━━ Given records

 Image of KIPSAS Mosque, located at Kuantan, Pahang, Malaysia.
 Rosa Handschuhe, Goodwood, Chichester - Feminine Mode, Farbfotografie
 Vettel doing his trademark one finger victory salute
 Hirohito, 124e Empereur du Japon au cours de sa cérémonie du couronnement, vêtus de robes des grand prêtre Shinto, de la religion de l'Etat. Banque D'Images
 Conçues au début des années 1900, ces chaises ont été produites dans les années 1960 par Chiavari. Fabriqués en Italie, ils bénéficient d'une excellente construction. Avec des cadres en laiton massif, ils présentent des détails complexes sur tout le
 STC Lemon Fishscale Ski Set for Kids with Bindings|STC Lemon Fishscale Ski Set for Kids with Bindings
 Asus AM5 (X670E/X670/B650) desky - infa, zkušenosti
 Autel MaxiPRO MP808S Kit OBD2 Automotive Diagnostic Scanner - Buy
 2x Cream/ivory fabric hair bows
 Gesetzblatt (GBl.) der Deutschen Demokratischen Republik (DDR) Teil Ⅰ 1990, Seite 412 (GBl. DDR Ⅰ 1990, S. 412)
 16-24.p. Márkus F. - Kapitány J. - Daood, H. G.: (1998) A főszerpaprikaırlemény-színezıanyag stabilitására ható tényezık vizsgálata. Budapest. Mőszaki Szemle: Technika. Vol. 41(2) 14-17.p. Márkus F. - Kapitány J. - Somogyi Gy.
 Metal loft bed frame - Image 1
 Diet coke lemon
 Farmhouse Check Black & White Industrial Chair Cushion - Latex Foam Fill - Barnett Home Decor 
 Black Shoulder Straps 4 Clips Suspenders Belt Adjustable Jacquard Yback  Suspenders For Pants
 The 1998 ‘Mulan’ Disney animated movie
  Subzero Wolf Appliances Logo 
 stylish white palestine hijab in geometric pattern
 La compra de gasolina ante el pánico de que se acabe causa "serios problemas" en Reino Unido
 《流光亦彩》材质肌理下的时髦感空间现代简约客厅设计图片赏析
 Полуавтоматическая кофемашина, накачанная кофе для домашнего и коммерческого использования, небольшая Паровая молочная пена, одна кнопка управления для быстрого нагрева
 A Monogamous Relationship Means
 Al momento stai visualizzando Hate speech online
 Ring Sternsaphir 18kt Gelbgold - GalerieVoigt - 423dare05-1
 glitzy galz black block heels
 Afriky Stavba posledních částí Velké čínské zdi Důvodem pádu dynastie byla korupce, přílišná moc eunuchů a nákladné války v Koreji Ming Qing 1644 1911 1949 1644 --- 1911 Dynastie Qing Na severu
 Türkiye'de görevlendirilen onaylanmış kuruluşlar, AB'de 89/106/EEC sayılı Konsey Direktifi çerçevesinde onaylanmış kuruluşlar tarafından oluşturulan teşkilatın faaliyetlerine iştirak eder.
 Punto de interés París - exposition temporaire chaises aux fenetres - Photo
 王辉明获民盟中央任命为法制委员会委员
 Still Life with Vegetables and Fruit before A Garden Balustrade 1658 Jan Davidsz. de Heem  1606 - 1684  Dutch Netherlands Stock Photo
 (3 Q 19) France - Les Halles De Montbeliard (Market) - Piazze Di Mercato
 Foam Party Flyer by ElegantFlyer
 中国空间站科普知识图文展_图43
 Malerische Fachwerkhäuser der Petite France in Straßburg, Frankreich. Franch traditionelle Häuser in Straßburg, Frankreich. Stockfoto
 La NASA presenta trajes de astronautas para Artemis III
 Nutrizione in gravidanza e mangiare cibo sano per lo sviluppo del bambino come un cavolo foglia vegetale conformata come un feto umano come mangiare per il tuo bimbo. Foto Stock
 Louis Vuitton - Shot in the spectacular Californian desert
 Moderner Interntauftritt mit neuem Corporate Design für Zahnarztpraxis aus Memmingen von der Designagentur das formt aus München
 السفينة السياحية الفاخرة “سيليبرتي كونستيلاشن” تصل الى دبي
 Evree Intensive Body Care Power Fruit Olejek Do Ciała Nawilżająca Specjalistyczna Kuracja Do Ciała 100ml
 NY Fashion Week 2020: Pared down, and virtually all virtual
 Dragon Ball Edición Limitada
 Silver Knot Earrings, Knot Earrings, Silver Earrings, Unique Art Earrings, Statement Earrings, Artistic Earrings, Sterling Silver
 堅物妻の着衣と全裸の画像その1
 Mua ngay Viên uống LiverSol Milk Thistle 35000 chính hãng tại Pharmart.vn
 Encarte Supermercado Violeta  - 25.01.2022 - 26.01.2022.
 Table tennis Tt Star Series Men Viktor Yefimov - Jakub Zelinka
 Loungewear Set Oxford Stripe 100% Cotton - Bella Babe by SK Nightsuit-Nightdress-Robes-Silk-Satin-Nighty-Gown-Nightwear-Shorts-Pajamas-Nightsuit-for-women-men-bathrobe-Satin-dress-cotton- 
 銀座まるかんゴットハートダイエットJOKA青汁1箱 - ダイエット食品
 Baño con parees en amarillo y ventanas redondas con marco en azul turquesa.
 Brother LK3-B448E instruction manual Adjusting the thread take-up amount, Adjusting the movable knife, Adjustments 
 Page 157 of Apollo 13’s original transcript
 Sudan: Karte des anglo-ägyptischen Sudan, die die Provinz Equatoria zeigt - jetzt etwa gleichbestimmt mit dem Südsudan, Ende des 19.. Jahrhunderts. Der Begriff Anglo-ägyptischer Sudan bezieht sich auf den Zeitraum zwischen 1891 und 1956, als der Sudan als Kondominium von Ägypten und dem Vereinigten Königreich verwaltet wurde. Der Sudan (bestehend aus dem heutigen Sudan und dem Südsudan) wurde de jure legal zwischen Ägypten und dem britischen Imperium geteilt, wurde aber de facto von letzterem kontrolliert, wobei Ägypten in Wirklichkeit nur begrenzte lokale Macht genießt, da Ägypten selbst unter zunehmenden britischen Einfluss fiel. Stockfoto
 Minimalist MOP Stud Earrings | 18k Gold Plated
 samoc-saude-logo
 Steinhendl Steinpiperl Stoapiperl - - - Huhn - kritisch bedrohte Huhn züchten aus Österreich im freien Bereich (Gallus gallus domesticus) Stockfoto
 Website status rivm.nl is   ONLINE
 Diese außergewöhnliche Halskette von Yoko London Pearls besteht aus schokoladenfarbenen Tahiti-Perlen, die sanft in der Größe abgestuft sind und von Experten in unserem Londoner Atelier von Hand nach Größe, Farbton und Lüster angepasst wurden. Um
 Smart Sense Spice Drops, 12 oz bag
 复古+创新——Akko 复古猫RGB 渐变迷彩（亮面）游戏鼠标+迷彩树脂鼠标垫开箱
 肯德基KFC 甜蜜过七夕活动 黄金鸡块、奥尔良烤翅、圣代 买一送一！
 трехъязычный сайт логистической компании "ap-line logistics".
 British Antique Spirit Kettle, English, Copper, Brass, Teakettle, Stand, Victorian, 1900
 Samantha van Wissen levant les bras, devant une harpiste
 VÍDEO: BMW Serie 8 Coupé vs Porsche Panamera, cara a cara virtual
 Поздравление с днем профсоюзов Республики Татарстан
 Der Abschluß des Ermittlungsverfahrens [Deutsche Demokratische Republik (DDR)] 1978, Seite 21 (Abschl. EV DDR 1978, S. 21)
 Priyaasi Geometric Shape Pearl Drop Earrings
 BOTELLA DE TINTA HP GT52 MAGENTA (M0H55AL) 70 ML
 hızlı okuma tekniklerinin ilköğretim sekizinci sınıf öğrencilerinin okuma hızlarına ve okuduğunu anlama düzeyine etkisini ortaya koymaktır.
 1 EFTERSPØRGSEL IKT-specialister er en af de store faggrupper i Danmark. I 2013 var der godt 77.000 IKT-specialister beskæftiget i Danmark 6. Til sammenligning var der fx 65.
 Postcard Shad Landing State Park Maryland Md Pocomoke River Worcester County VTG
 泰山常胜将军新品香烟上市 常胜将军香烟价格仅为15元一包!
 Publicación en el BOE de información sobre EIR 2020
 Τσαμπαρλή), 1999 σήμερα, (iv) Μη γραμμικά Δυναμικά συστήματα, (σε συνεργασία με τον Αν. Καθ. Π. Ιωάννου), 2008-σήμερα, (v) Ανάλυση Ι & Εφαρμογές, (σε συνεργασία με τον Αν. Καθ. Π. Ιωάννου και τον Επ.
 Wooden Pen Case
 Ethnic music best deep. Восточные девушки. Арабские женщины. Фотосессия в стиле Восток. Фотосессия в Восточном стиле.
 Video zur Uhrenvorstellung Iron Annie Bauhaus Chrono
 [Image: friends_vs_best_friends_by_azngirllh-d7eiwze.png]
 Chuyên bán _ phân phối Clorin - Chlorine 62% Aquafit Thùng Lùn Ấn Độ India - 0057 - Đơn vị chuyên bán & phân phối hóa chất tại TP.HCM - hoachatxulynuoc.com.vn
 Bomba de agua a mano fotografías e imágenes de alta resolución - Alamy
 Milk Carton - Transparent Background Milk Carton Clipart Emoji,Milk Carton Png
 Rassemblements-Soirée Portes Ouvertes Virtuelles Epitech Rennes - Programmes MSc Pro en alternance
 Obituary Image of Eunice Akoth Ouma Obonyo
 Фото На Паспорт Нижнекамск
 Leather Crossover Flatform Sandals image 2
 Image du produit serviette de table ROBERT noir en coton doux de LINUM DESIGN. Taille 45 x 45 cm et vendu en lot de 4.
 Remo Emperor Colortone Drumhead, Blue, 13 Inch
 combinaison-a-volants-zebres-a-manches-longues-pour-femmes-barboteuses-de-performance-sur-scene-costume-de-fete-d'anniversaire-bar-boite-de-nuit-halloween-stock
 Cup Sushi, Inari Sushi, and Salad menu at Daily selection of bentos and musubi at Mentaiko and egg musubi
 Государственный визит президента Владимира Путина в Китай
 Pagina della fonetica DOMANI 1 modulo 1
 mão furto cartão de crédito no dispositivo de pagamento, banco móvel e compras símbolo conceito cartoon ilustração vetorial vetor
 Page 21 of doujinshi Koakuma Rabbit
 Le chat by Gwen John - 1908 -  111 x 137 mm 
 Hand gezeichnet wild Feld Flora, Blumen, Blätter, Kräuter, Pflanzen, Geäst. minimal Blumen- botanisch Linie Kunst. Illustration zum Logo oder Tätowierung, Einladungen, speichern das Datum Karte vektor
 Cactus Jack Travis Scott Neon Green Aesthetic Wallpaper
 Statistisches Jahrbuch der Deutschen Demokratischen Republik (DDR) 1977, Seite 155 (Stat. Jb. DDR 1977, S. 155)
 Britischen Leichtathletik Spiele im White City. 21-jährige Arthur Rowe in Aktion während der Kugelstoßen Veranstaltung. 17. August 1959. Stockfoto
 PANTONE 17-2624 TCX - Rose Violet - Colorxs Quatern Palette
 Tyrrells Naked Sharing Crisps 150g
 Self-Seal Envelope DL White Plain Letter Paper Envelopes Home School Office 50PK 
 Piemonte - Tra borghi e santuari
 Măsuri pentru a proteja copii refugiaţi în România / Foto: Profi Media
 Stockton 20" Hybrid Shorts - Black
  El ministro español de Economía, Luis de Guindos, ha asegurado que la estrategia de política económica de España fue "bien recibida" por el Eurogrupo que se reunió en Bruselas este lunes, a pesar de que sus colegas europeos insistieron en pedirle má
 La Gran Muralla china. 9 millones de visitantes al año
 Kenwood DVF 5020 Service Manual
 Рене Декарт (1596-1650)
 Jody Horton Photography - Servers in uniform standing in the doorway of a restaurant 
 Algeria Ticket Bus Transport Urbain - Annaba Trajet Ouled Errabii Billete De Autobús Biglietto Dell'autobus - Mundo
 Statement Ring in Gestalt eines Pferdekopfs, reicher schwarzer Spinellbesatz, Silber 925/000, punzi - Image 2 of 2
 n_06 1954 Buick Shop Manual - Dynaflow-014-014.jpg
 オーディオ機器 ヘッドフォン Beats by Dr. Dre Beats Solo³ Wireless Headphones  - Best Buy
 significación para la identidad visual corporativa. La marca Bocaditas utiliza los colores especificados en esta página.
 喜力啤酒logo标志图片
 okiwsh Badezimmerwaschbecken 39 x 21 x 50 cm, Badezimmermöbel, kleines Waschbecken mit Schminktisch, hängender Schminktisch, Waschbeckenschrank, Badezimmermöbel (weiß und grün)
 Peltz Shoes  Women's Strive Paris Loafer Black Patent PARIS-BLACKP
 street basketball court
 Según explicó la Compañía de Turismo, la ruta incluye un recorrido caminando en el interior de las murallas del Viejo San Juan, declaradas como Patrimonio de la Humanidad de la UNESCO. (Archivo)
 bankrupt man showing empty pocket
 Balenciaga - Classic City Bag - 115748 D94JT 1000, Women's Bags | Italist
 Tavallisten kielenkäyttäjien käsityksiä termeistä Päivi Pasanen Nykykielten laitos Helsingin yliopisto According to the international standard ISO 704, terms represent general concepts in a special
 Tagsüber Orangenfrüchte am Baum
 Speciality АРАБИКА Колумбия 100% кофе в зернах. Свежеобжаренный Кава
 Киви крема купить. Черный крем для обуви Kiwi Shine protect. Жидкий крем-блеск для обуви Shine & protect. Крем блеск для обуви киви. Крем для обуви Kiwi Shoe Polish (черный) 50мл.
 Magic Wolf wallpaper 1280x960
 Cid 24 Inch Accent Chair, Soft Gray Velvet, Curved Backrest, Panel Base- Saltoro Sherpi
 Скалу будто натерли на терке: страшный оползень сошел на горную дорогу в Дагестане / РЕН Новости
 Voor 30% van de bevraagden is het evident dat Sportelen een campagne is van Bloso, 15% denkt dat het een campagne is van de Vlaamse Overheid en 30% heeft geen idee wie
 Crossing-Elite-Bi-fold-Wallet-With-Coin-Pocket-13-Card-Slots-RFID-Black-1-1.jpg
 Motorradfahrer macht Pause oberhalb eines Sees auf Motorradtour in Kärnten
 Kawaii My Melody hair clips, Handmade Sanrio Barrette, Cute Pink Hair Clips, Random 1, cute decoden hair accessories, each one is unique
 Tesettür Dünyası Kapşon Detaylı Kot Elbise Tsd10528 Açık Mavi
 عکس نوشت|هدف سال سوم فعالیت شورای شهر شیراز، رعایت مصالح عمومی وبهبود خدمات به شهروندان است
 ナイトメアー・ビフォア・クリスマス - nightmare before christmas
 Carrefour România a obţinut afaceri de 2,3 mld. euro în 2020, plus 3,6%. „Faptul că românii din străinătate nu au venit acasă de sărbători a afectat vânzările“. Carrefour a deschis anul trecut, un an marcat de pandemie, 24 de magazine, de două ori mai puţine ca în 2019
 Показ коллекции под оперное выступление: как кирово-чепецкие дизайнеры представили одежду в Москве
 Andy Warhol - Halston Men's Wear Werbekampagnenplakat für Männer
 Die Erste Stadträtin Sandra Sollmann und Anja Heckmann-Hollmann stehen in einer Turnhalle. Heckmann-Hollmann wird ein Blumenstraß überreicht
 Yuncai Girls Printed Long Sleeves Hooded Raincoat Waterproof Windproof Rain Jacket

━━━━

All lines above from the line with "Image du produit" through the line with "PANTONE 17-2624 TCX - Rose", both included, are to be set down exactly, with nothing else.

 Image du produit serviette de table ROBERT noir en coton doux de LINUM DESIGN. Taille 45 x 45 cm et vendu en lot de 4.
 Remo Emperor Colortone Drumhead, Blue, 13 Inch
 combinaison-a-volants-zebres-a-manches-longues-pour-femmes-barboteuses-de-performance-sur-scene-costume-de-fete-d'anniversaire-bar-boite-de-nuit-halloween-stock
 Cup Sushi, Inari Sushi, and Salad menu at Daily selection of bentos and musubi at Mentaiko and egg musubi
 Государственный визит президента Владимира Путина в Китай
 Pagina della fonetica DOMANI 1 modulo 1
 mão furto cartão de crédito no dispositivo de pagamento, banco móvel e compras símbolo conceito cartoon ilustração vetorial vetor
 Page 21 of doujinshi Koakuma Rabbit
 Le chat by Gwen John - 1908 -  111 x 137 mm 
 Hand gezeichnet wild Feld Flora, Blumen, Blätter, Kräuter, Pflanzen, Geäst. minimal Blumen- botanisch Linie Kunst. Illustration zum Logo oder Tätowierung, Einladungen, speichern das Datum Karte vektor
 Cactus Jack Travis Scott Neon Green Aesthetic Wallpaper
 Statistisches Jahrbuch der Deutschen Demokratischen Republik (DDR) 1977, Seite 155 (Stat. Jb. DDR 1977, S. 155)
 Britischen Leichtathletik Spiele im White City. 21-jährige Arthur Rowe in Aktion während der Kugelstoßen Veranstaltung. 17. August 1959. Stockfoto
 PANTONE 17-2624 TCX - Rose Violet - Colorxs Quatern Palette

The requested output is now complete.